To do: The listing below should be written out word for word, with its pictures removed.

Collected data:

"""

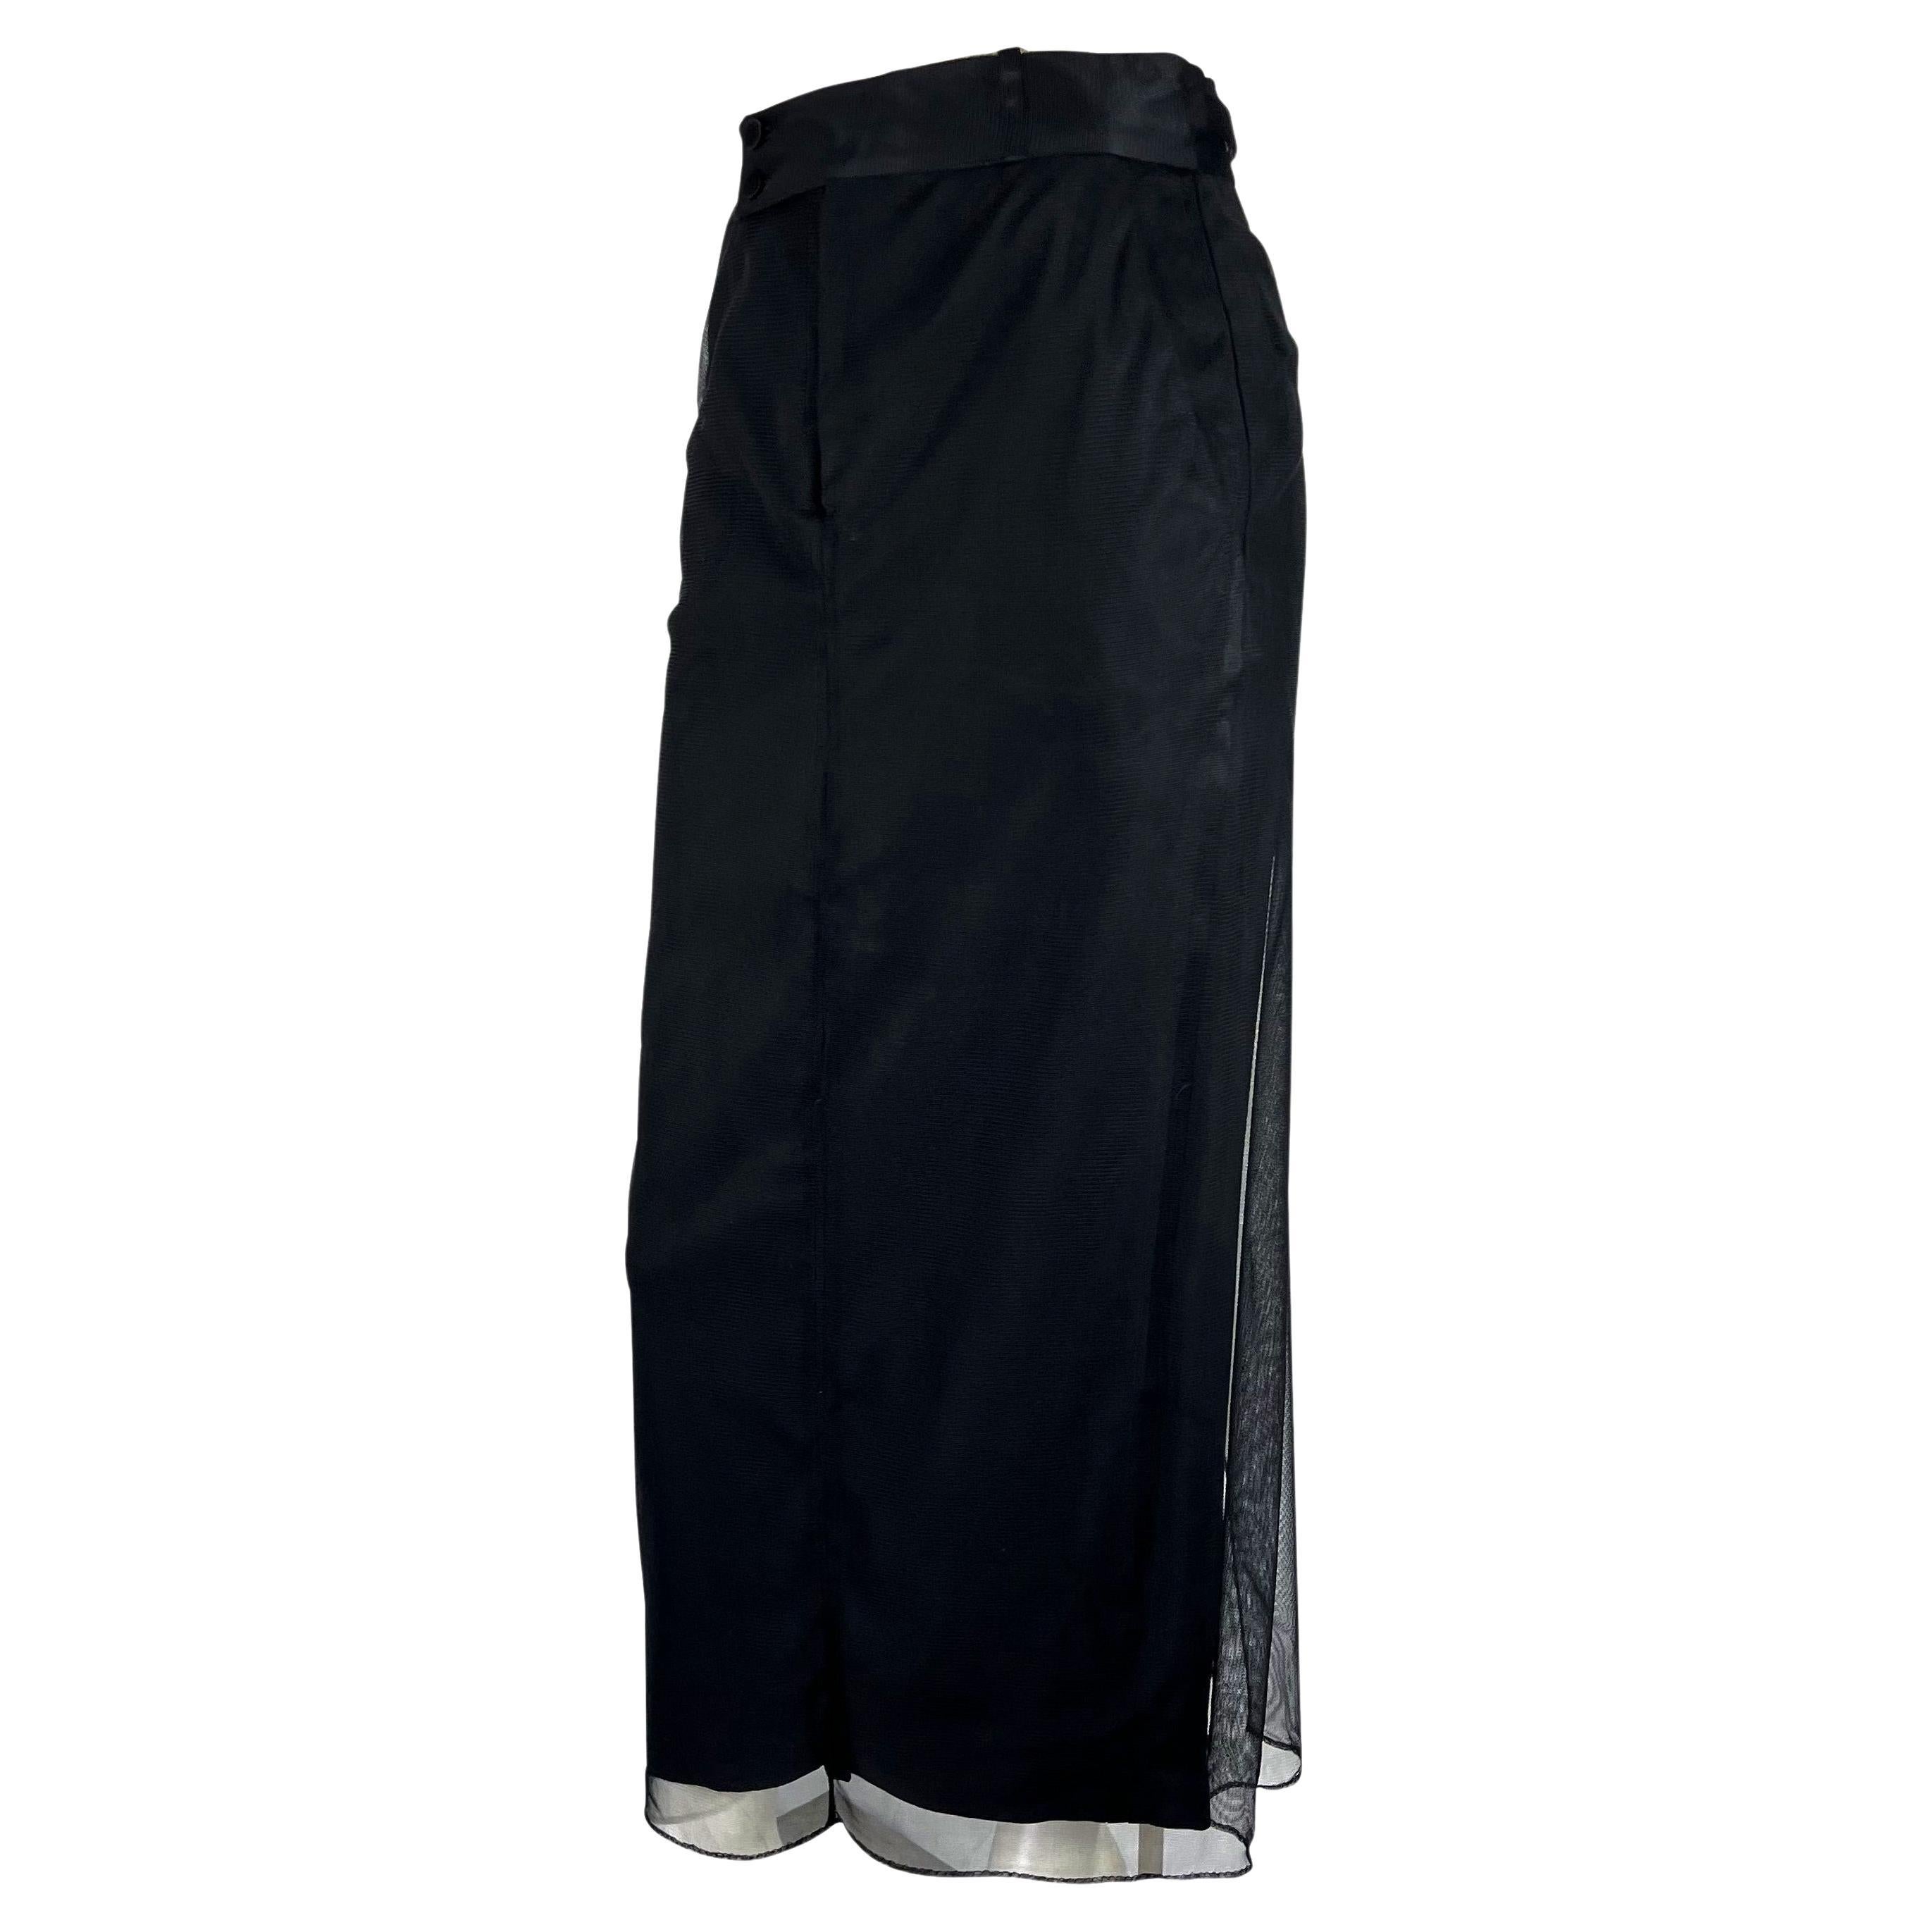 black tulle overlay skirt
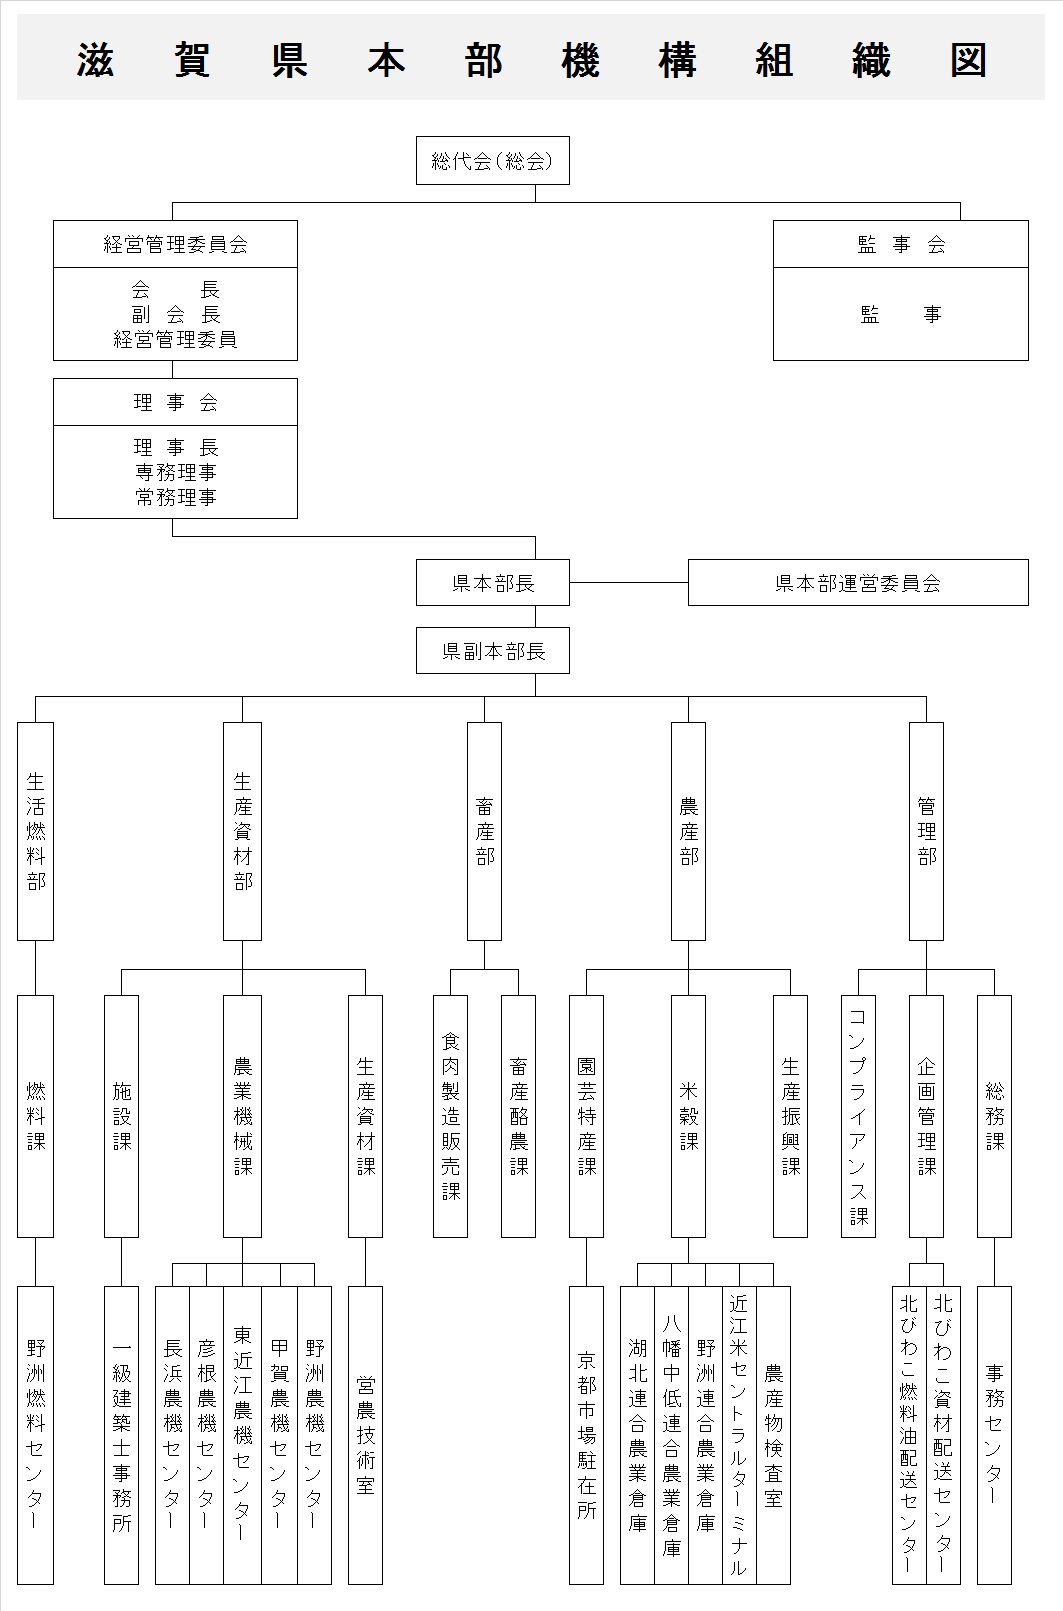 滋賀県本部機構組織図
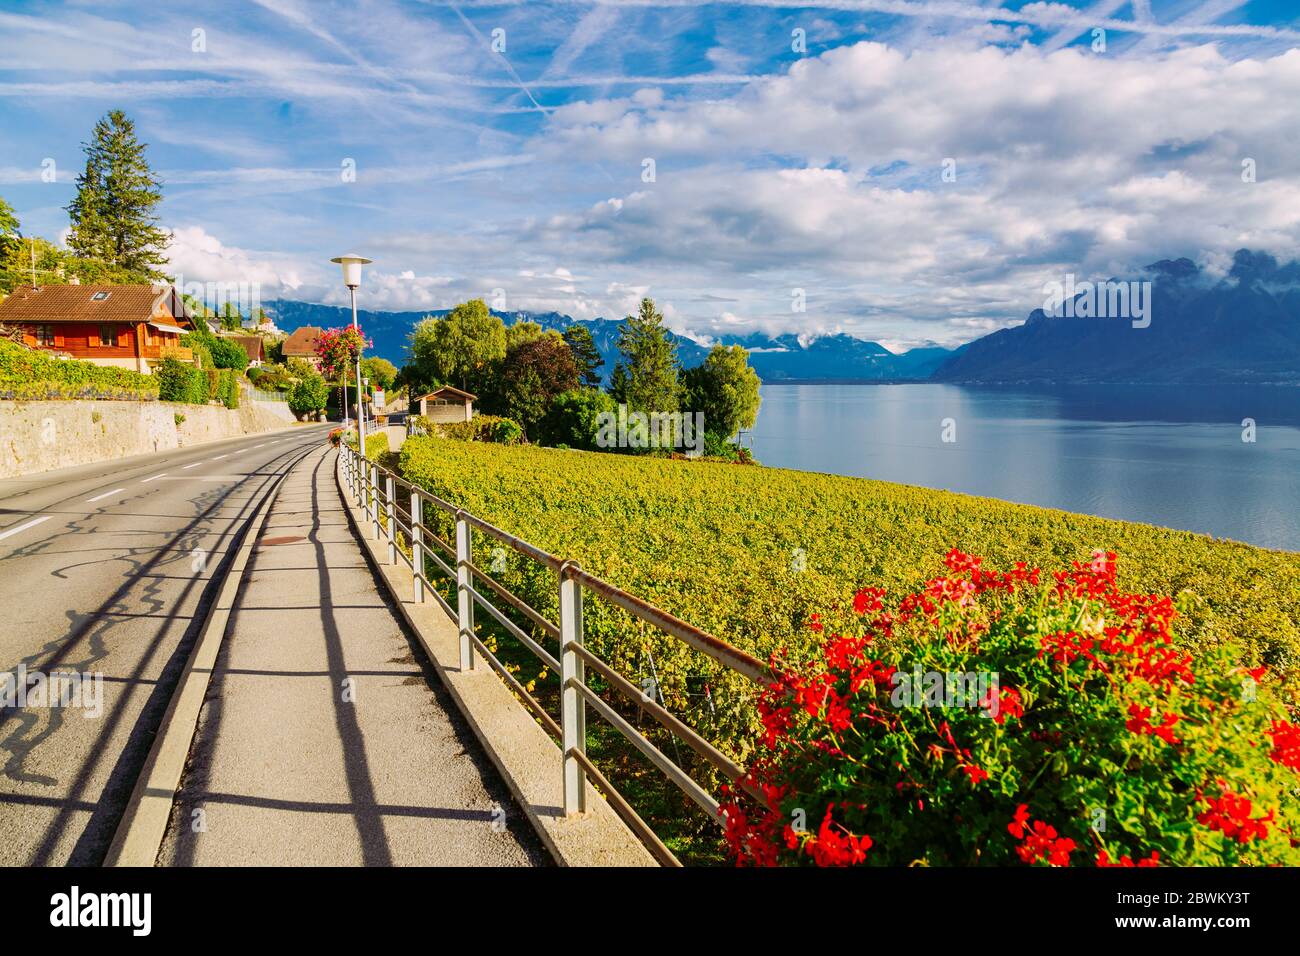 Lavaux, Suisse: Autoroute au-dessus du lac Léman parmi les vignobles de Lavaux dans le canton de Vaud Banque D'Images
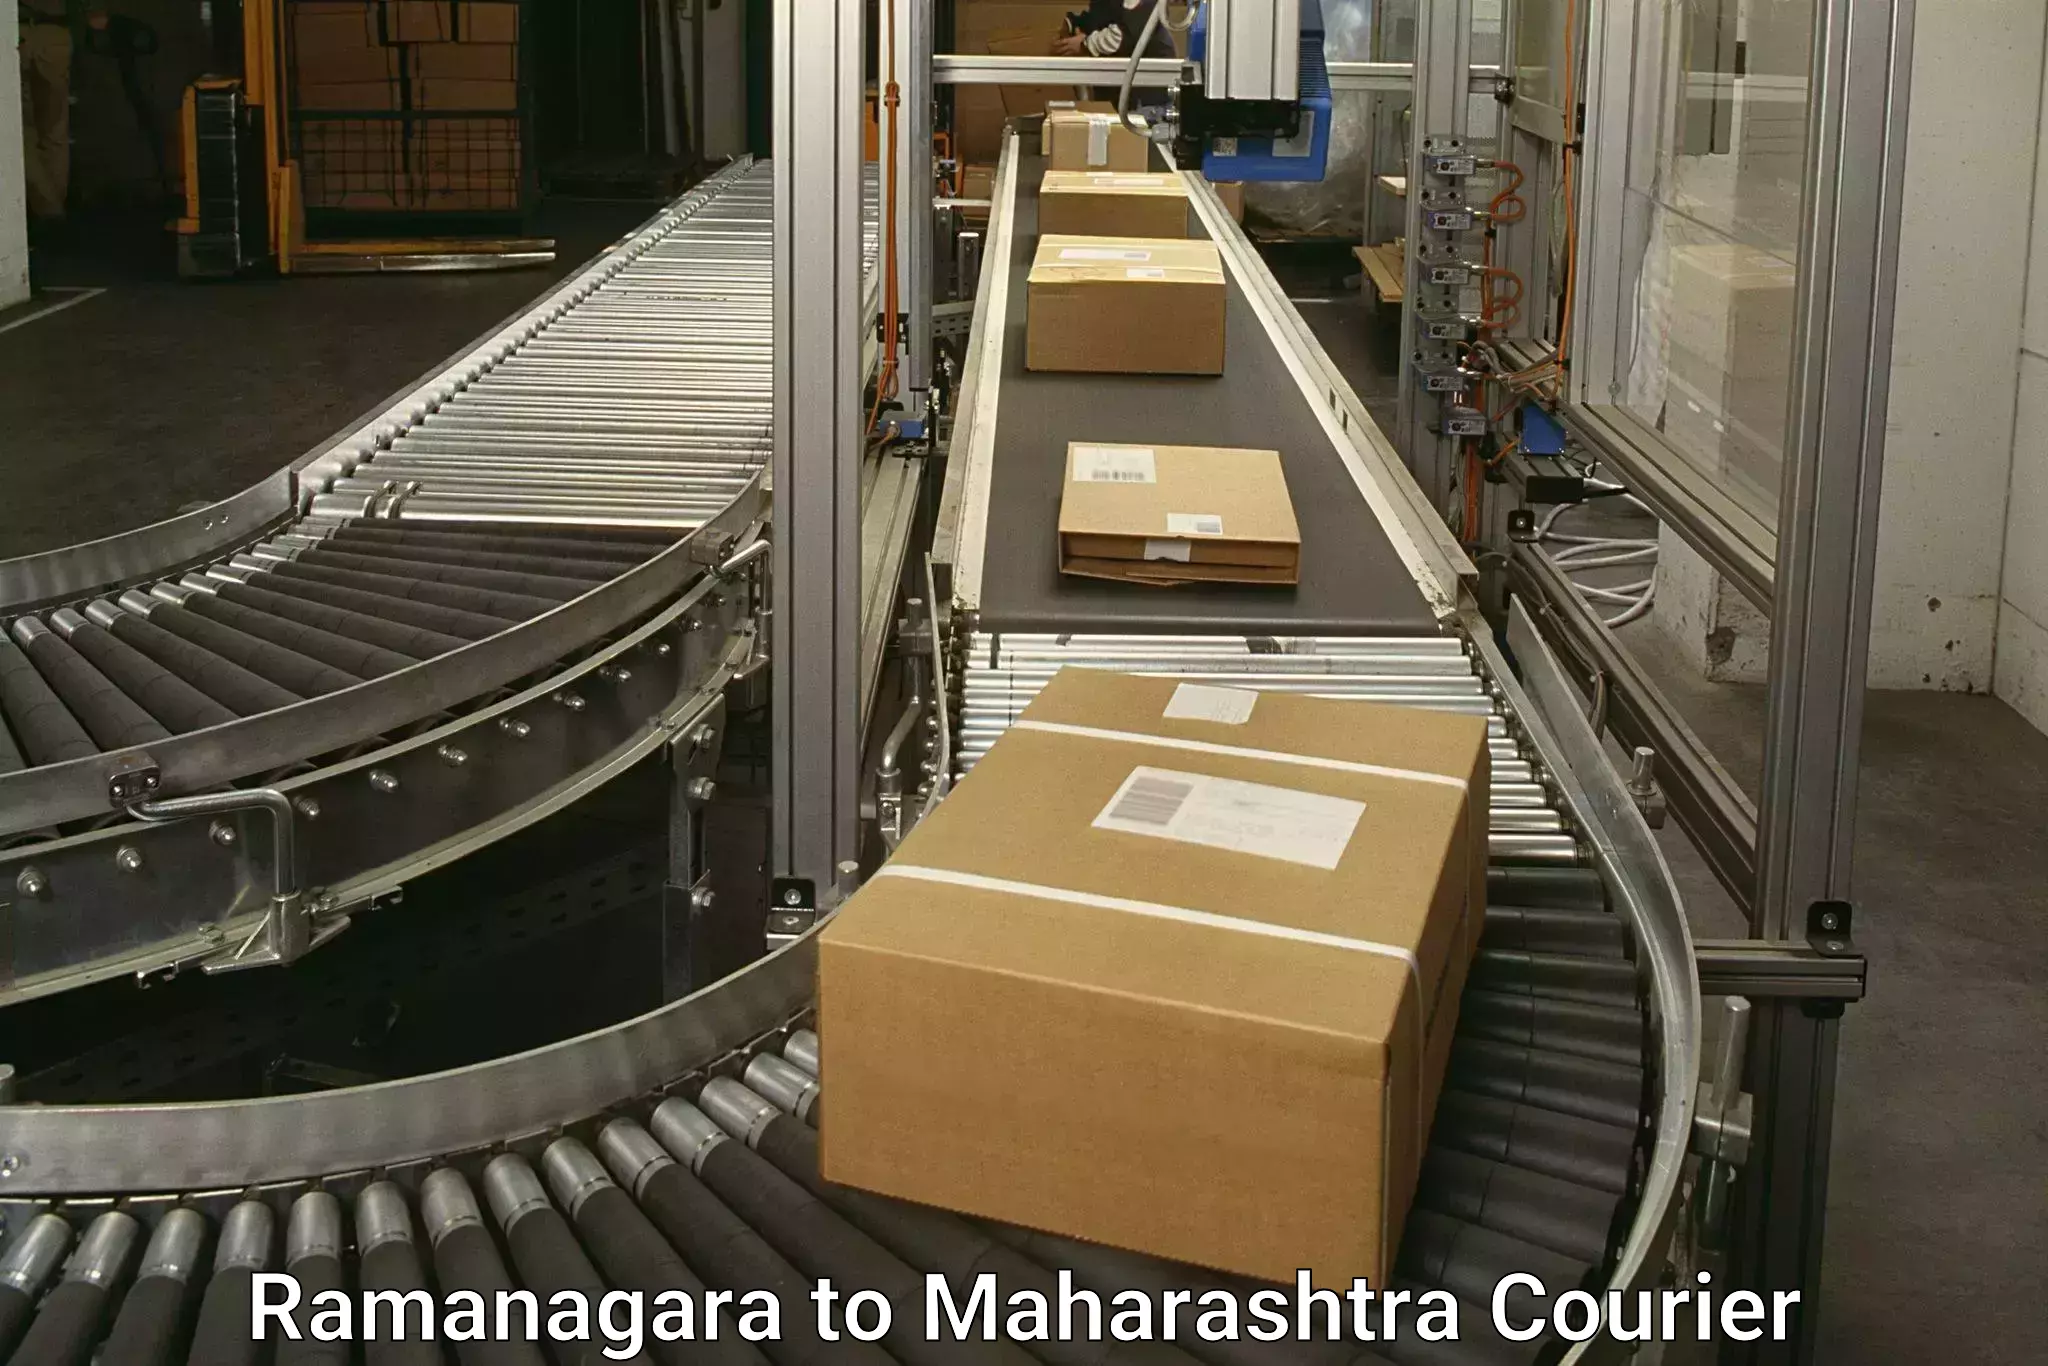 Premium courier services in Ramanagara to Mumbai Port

"""

Result of this exercise:
 black tulle overlay skirt
 滋賀県本部機構組織図
 Lavaux, Suisse: Autoroute au-dessus du lac Léman parmi les vignobles de Lavaux dans le canton de Vaud Banque D'Images
 Premium courier services in Ramanagara to Mumbai Port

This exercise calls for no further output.